Grannus names EPC partner

Grannus LLC, Tucson, Ariz., has selected Plant Process Equipment (PPE) as its Engineering, Procurement and Construction (EPC) management company for its regional-scale advanced ammonia plant to be built in Kern County, Calif.

The Grannus plant is expected to operate below all applicable California air quality control standards and will produce 250 st/d, representing approximately 40 percent of California’s agricultural ammonia consumption.

“Plant Process Equipment’s deep experience in the modular design of syngas plants is a perfect fit for our regional-sized California plant. It’s our intent to replicate the California plant design throughout the world to further reduce capital costs and to streamline lead times for delivery,” said Matthew Cox, CEO of Grannus.

Ken Reynaud, PPE’s senior vice president, said, “The Grannus project is right in our wheelhouse, serving Grannus’ desire for a modular design that can be fabricated offsite and delivered anywhere in the world on a very cost-effective basis. The benefit will be ammonia plants that can deliver product on a regional basis at costs competitive with those of world-scale facilities.”

The Grannus plant will be the first ammonia plant built in California in more than 60 years. It will be operational in 2019.

HPS to pursue permitting

Junior phosphate mining company HPS II LLC said Dec. 6 that it is poised to move forward with the permitting phase of its plan to open a new phosphate resource in North Central Florida. The plan includes facilities in both Bradford and Union counties. Production projections for each plant currently forecast approximately 1.2 million st/y of 66-68 BPL (30-31 percent P2O5) wet rock.

HPS II LLC was formed by local families with the purpose of bringing this ore body, which contains approximately 60.9 million st of recoverable high-quality “Bone Valley”-characteristic phosphate rock, into the world market.

There are no plans to build fertilizer production processing facilities.

HPS reports that it has engaged Kleinfelder, an engineering and environmental professional services firm, to oversee the mining permit process.

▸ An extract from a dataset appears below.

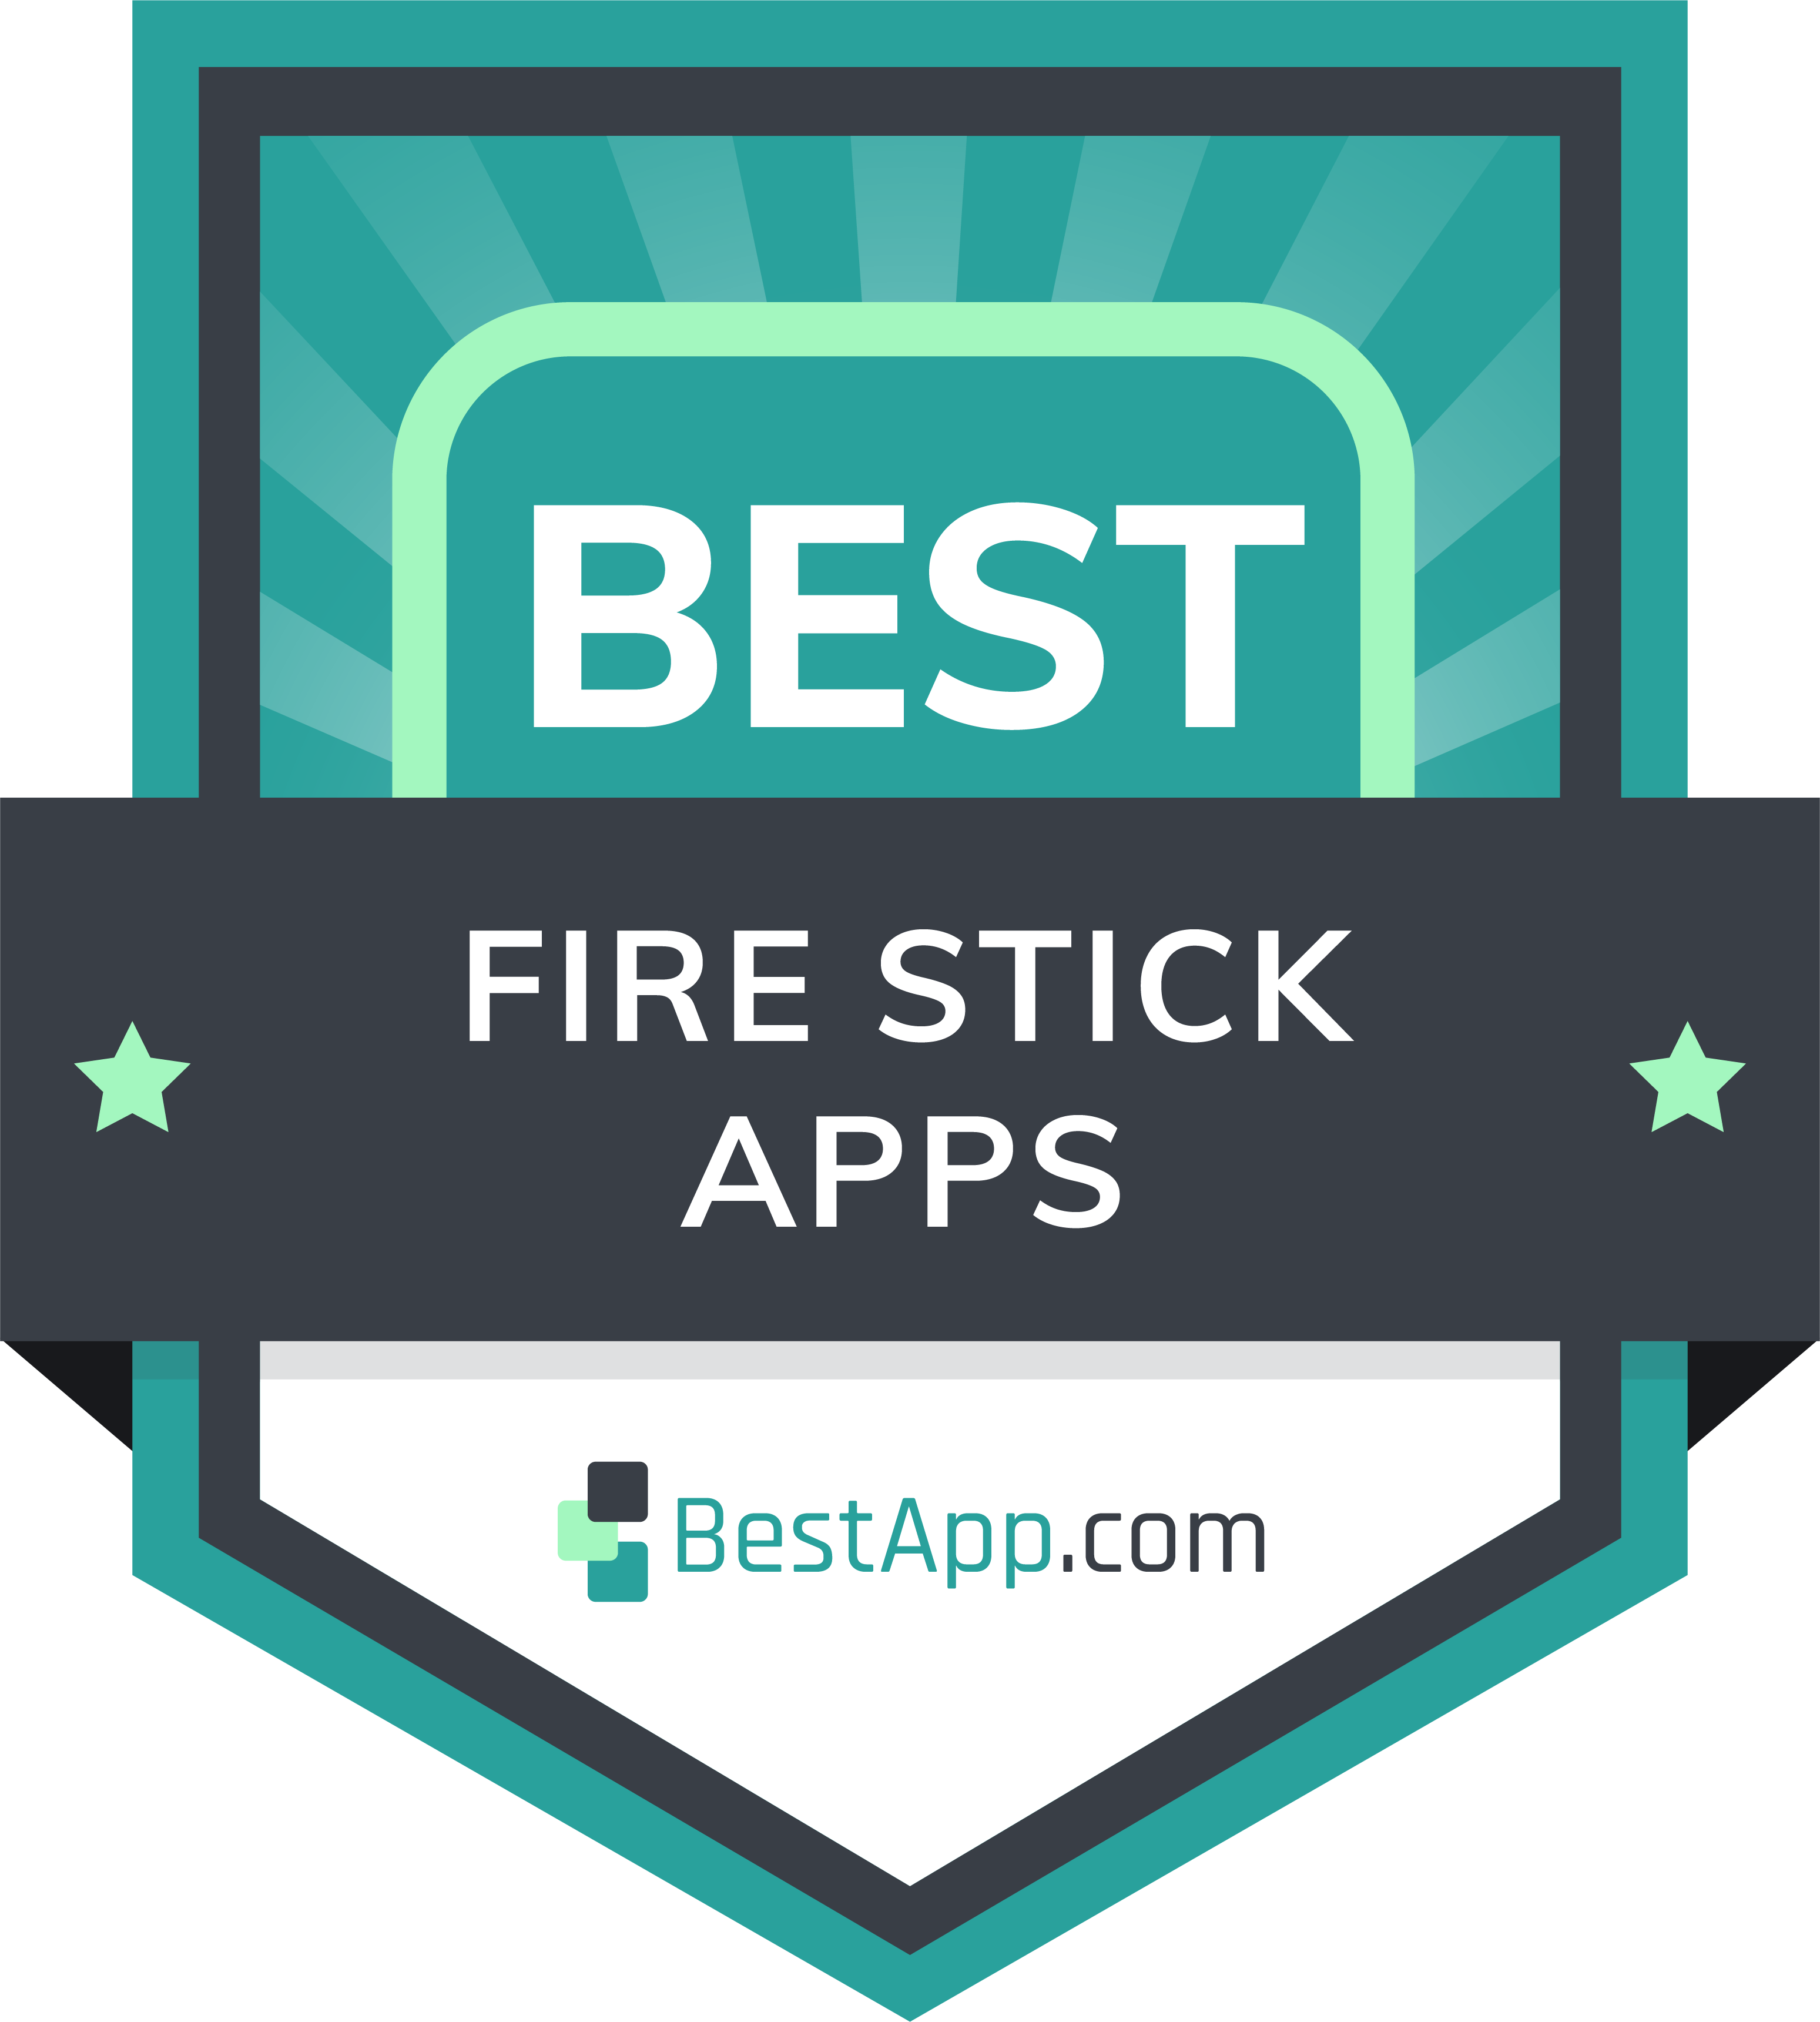 Best Fire Stick Apps Badge

OCI NV seeks all OCI Partner units

OCI NV, Amsterdam, today said that it has submitted a proposal to the board of directors of OCI Partners LP to acquire all publicly held common units of OCI Partners in exchange for OCI NV shares. OCI currently owns 79.88 percent of issued and outstanding common units of OCI Partners, which has an ammonia plant and methanol plant in Beaumont, Texas.

OCI is proposing an exchange ratio of 0.5200 OCI NV shares for each publicly-held unit of OCI Partners, as part of a transaction that is to be effected through a merger of OCI Partners with a wholly-owned subsidiary of OCI. In exchange, OCI will offer 9.10 million newly issued OCI NV shares, to be admitted to listing on Euronext Amsterdam, representing approximately 4 percent of total OCI shares currently outstanding. The proposed Exchange Ratio represents a value of $7.80 per unit to OCI Partners minority shareholders, or an 8.3 percent premium over the closing price of OCI Partners common units as of Dec. 5, 2016, and a 25.6 percent premium over the 30 trading day average OCI Partners/OCI exchange ratio as of Dec. 5.

The proposed transaction is subject to approval of a definitive agreement by the board of directors of OCI NV, the board of directors of the general partner of OCI Partners and a Conflicts Committee to be established by the OCIP board, and would be subject to customary closing conditions. OCI NV said there can be no assurance that a definitive agreement will be executed or that any transaction will materialize.

“We believe the proposed transaction is attractive to minority investors in OCI Partners who, as new OCI NV shareholders, would have the opportunity to diversify from single-asset equity ownership to a leading global methanol and fertilizer producer,” said Nassef Sawiris, OCI NV CEO. “OCI has significant growth prospects with the start-up of two new world-scale greenfield facilities in the United States: a fertilizer complex in Wever, Iowa, and a methanol plant in Beaumont, Texas, adjacent to the facility owned by OCI Partners. In addition, it allows unitholders to benefit from the significantly better trading liquidity of the OCI NV share compared to OCI Partners. For OCI NV shareholders, the proposed transaction allows for simplification of the group’s corporate structure, greater operational synergies, including the removal of public listing costs and addresses concerns over the attractiveness of Master Limited Partnerships (MLPs) as an asset class in an environment of rising interest rates and potential changes in U.S. tax regulations.”